─── INFORMATION PROVIDED

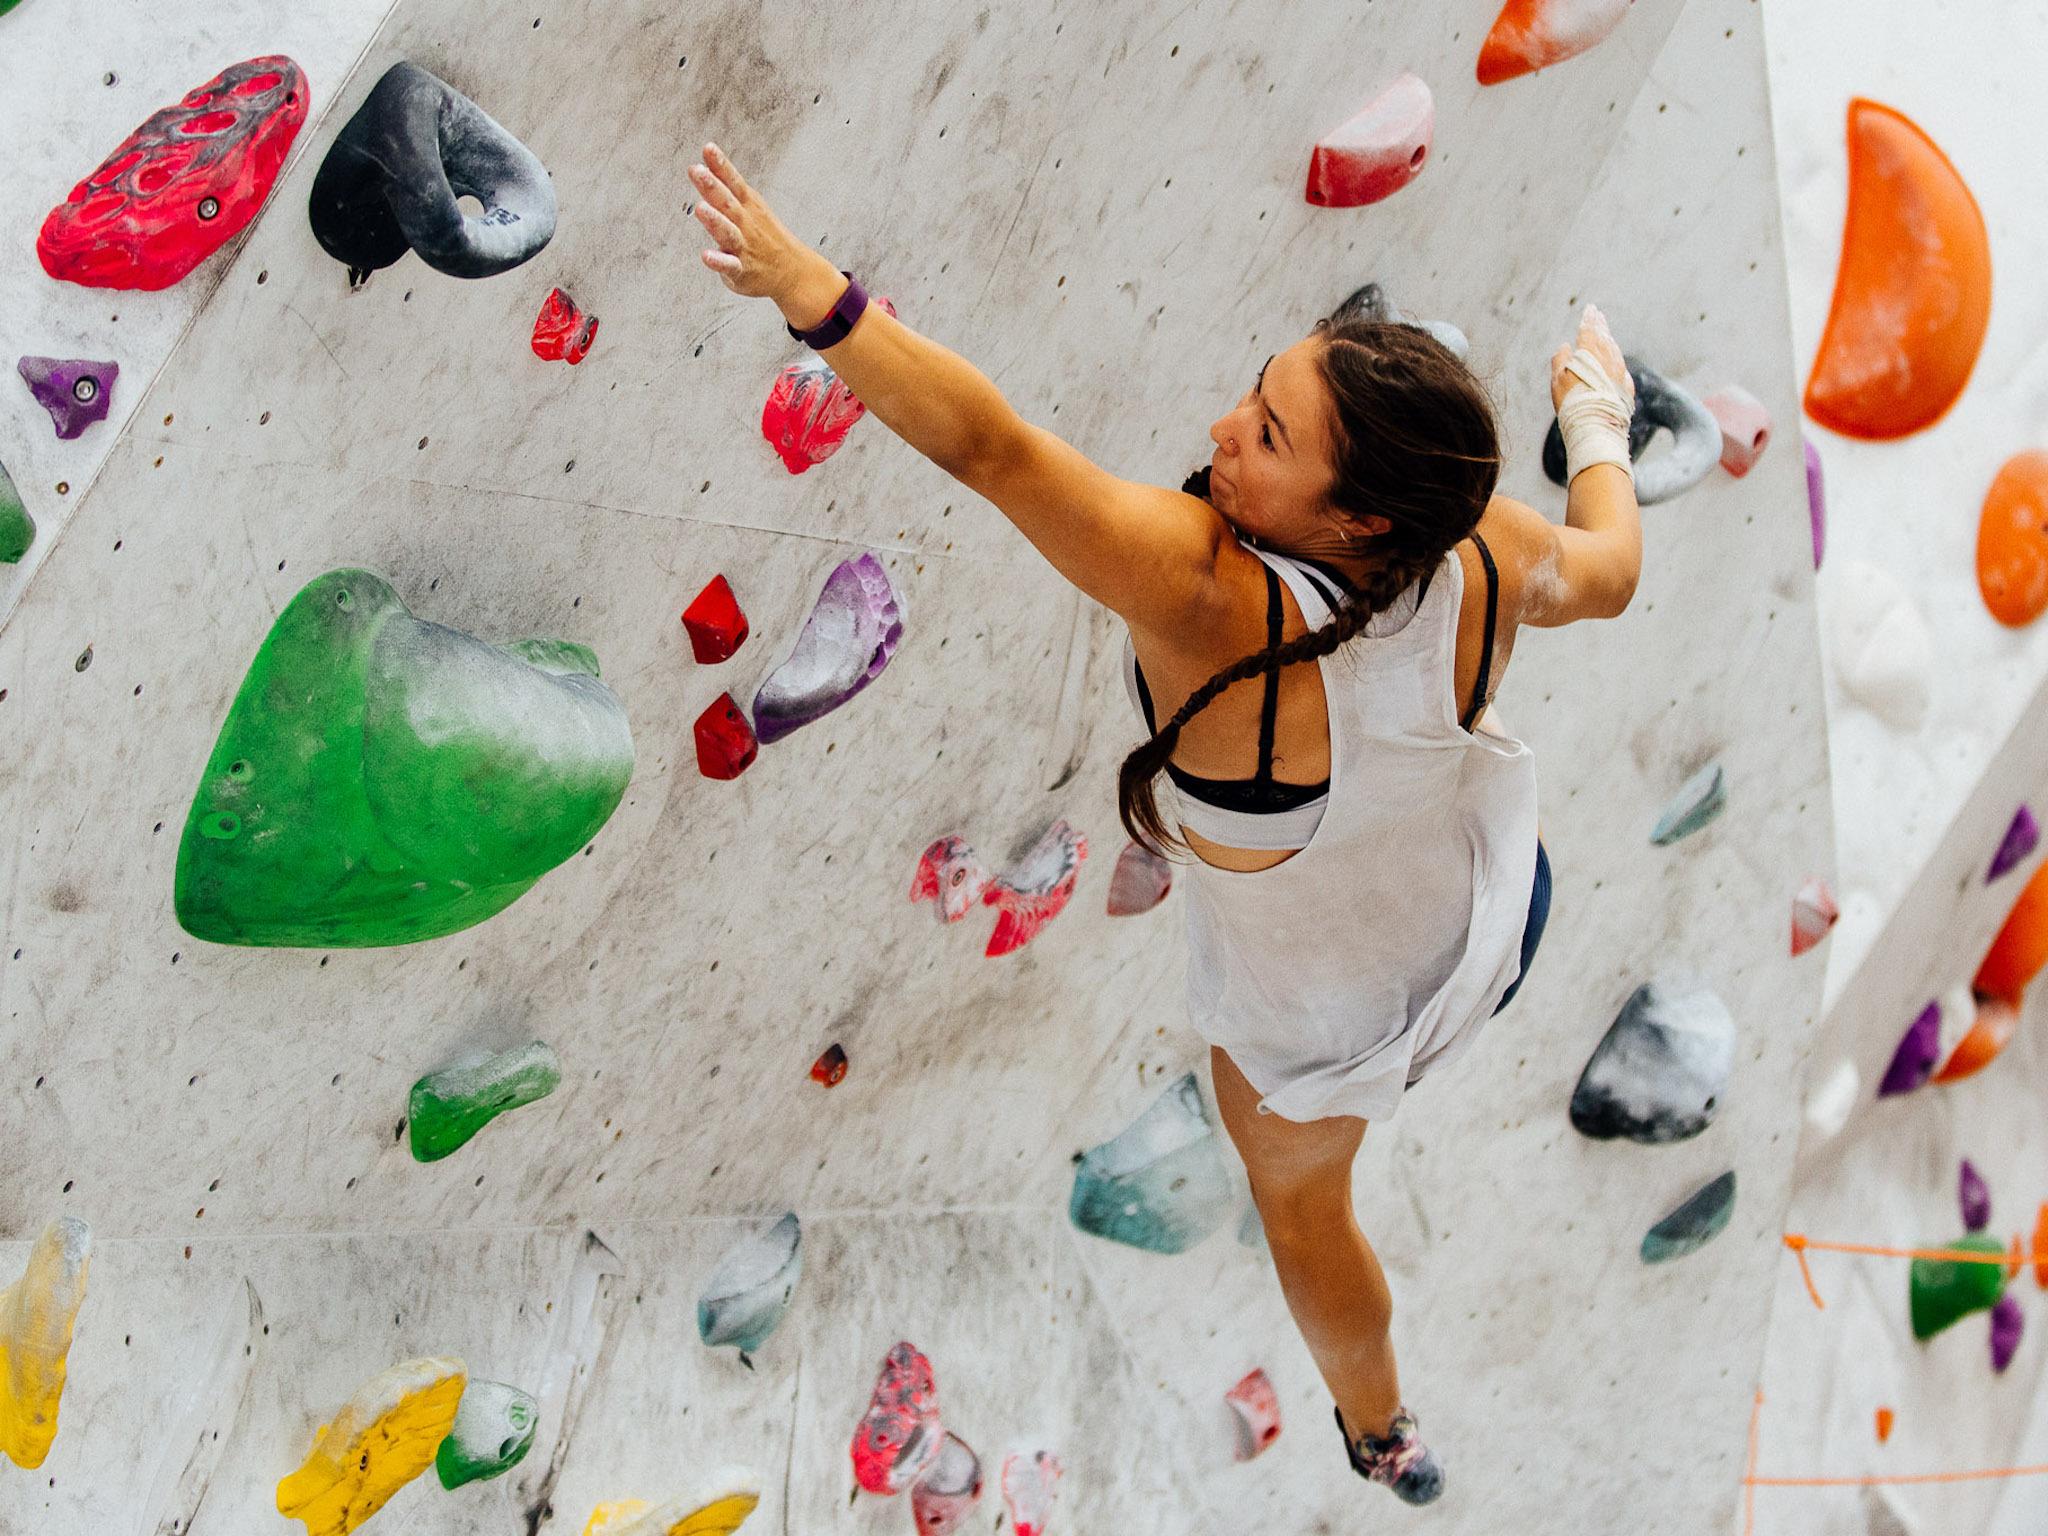 Bouldering, Rock Climbing, Woman climbing
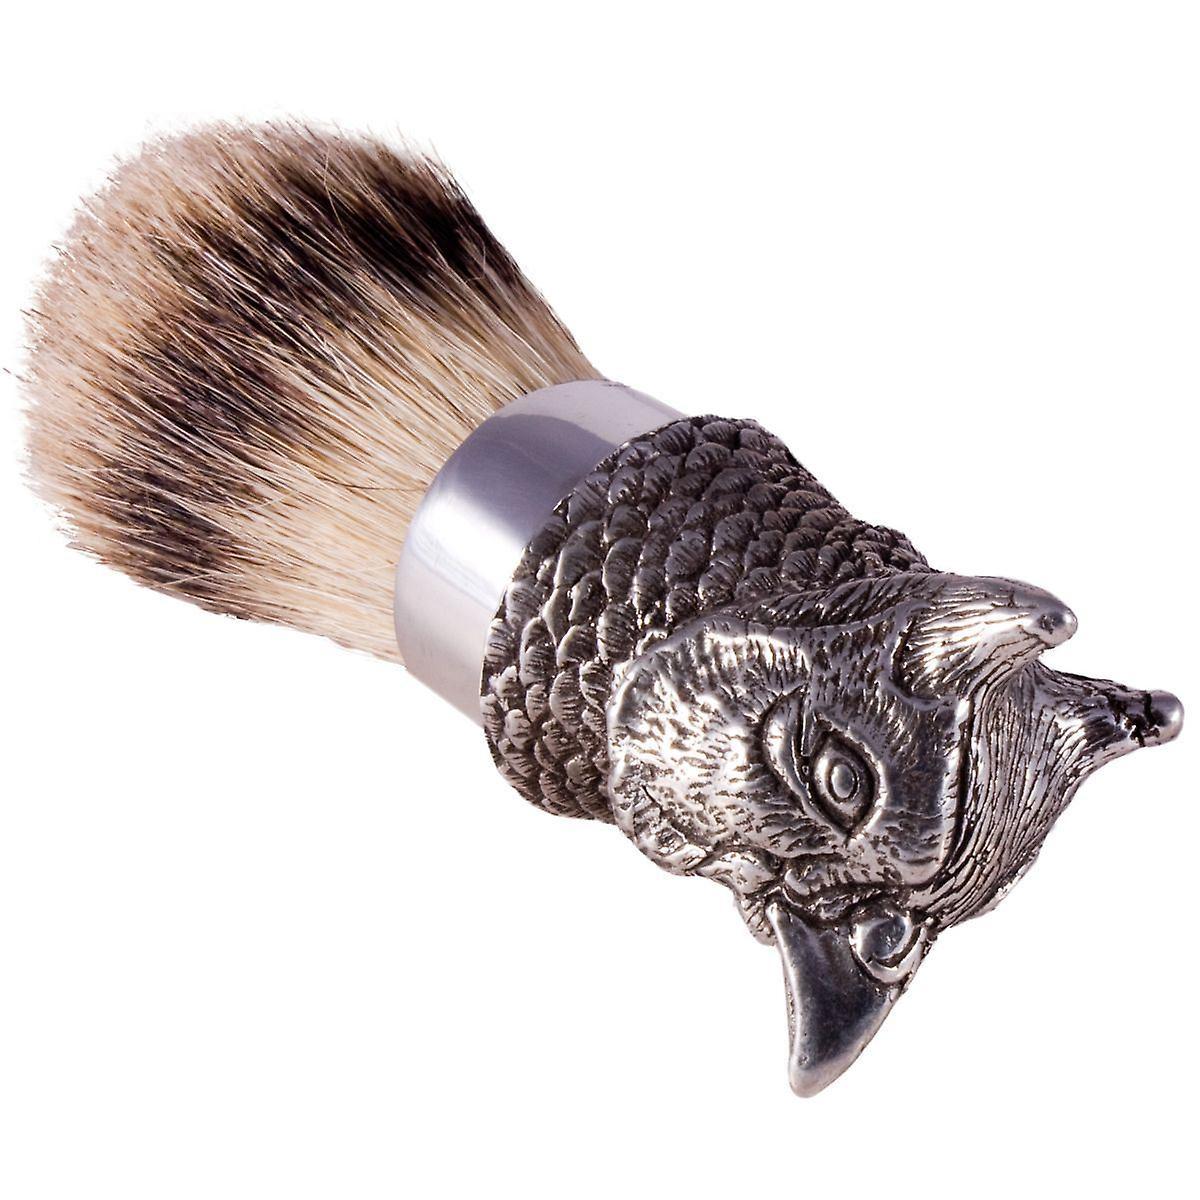 The English Pewter Co Silvertip Badger Hair Shaving Brush-Pheasant
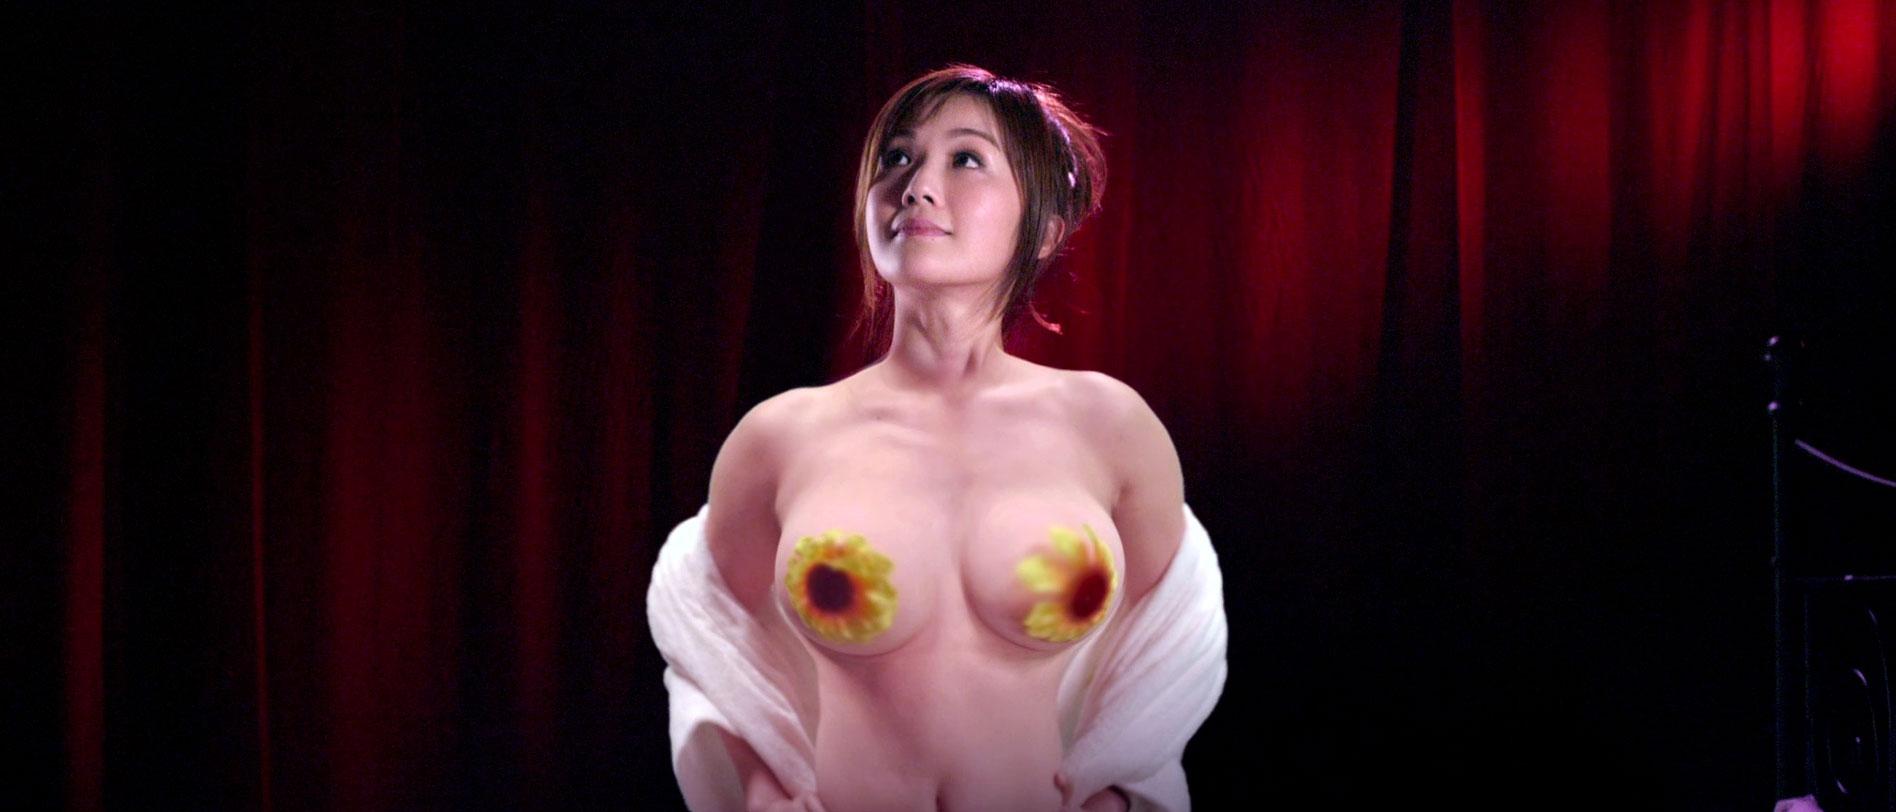 Charlene choi on imageing the lady improper
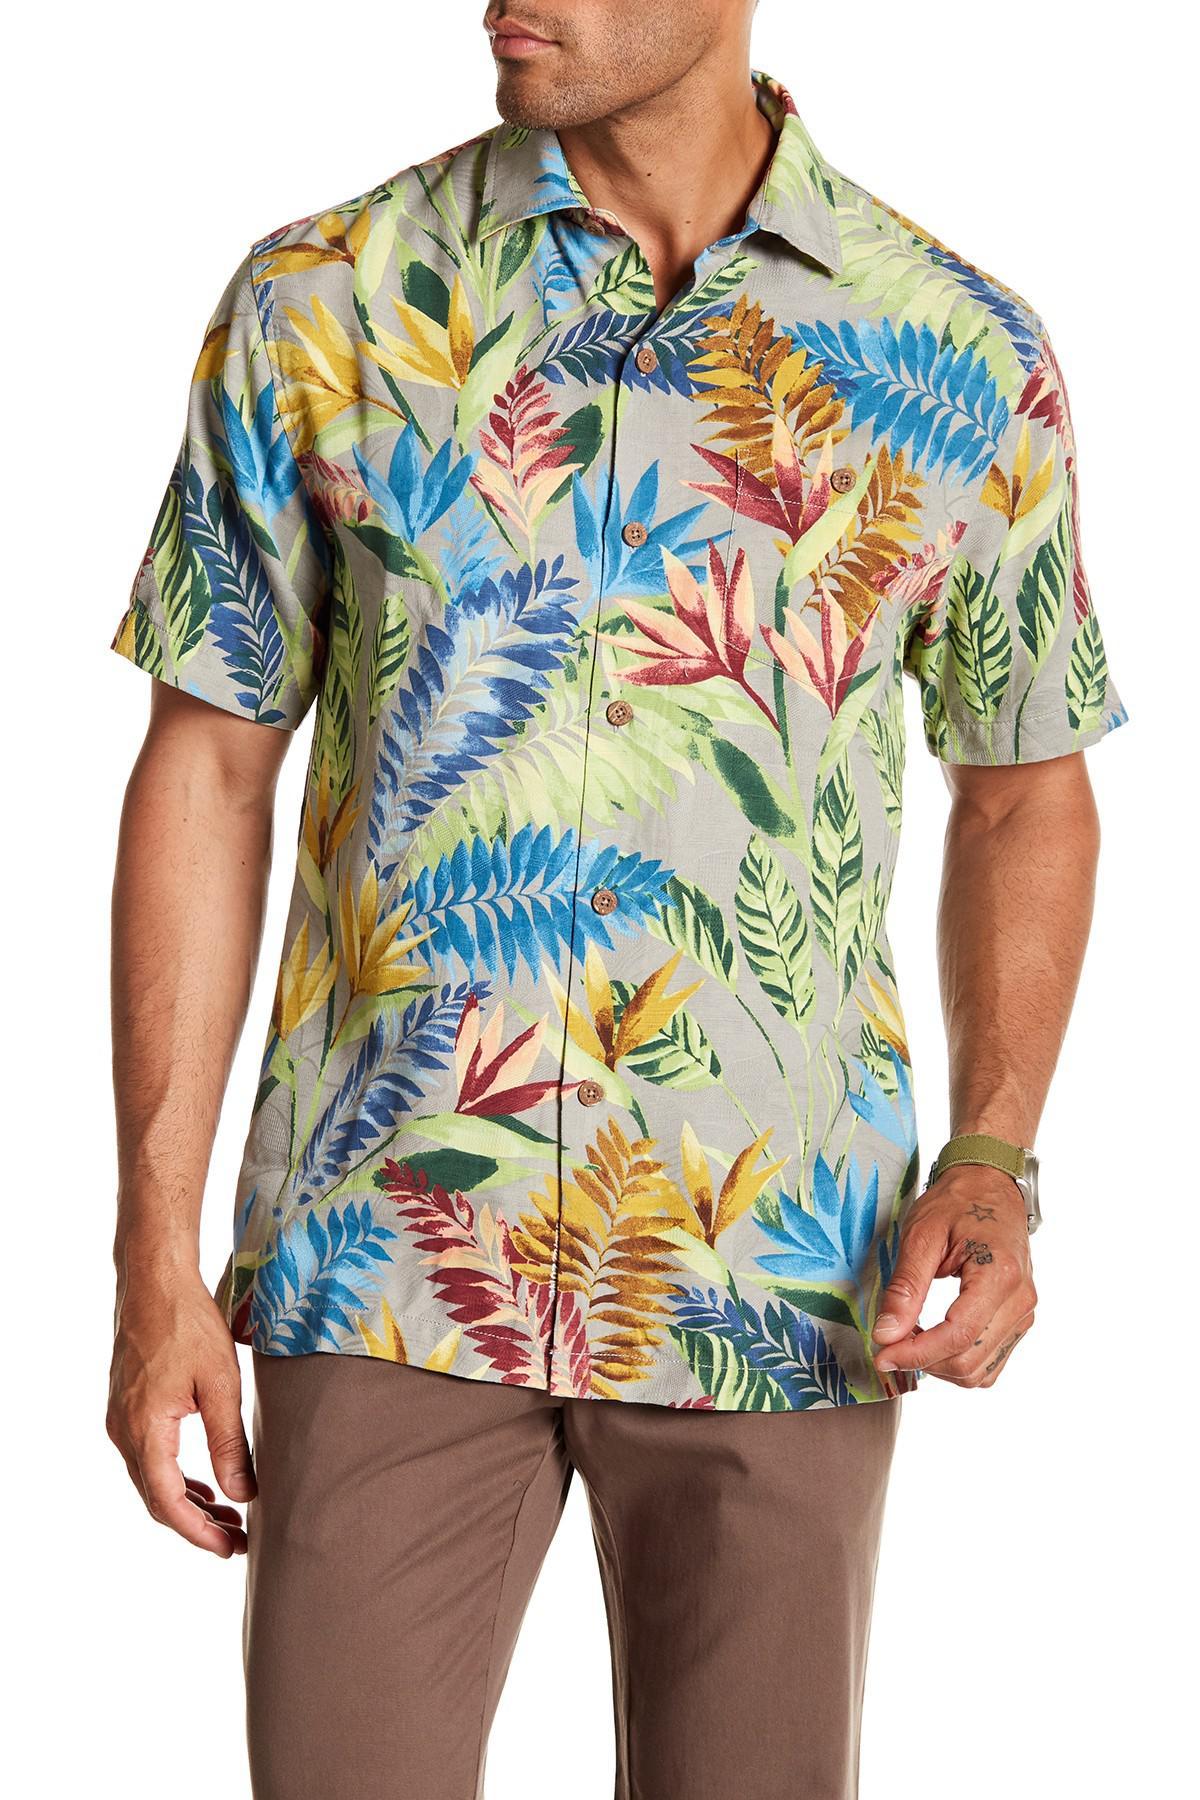 Tommy Bahama Taza Fronds-Pebble Grey Island Zone Silk Blend Camp Shirt $135

──────

**TASK STATEMENT:**
What you return should be all of the material above, exactly, and none of its pictures.

**COMPLETED EXERCISE:**
 Bouldering, Rock Climbing, Woman climbing
 The English Pewter Co Silvertip Badger Hair Shaving Brush-Pheasant
 Charlene choi on imageing the lady improper
 Tommy Bahama Taza Fronds-Pebble Grey Island Zone Silk Blend Camp Shirt $135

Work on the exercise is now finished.